*Input data*.
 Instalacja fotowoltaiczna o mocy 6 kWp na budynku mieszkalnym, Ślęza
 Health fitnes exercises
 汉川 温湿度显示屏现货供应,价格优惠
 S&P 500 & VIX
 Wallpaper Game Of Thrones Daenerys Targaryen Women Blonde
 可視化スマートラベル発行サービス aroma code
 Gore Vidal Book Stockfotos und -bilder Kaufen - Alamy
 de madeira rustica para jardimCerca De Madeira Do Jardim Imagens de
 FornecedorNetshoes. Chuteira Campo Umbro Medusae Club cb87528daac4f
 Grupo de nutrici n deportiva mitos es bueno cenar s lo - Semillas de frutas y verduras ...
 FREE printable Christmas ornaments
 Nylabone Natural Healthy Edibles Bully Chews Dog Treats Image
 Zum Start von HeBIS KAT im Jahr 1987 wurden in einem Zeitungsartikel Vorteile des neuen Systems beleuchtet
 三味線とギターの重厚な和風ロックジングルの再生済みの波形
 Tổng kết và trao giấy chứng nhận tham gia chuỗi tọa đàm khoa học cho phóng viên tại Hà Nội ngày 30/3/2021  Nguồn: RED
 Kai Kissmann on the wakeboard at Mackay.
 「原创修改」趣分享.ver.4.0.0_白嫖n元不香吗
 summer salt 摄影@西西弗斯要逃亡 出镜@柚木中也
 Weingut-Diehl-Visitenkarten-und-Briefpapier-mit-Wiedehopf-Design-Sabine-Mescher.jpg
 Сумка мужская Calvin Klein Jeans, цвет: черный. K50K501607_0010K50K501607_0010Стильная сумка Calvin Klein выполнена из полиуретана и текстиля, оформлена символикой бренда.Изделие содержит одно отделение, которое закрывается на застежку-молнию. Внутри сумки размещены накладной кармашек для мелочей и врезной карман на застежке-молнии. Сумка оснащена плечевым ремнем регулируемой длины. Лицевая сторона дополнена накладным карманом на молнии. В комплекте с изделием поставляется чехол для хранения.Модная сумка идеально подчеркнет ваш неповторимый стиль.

*Description of the task*.
Copy exactly the stretch of data above from the line with "Grupo de nutrici" through the line with "三味線とギターの重厚な和風ロックジングルの再生済みの波形", and omit all other lines.

*Answer for this exercise*.
 Grupo de nutrici n deportiva mitos es bueno cenar s lo - Semillas de frutas y verduras ...
 FREE printable Christmas ornaments
 Nylabone Natural Healthy Edibles Bully Chews Dog Treats Image
 Zum Start von HeBIS KAT im Jahr 1987 wurden in einem Zeitungsartikel Vorteile des neuen Systems beleuchtet
 三味線とギターの重厚な和風ロックジングルの再生済みの波形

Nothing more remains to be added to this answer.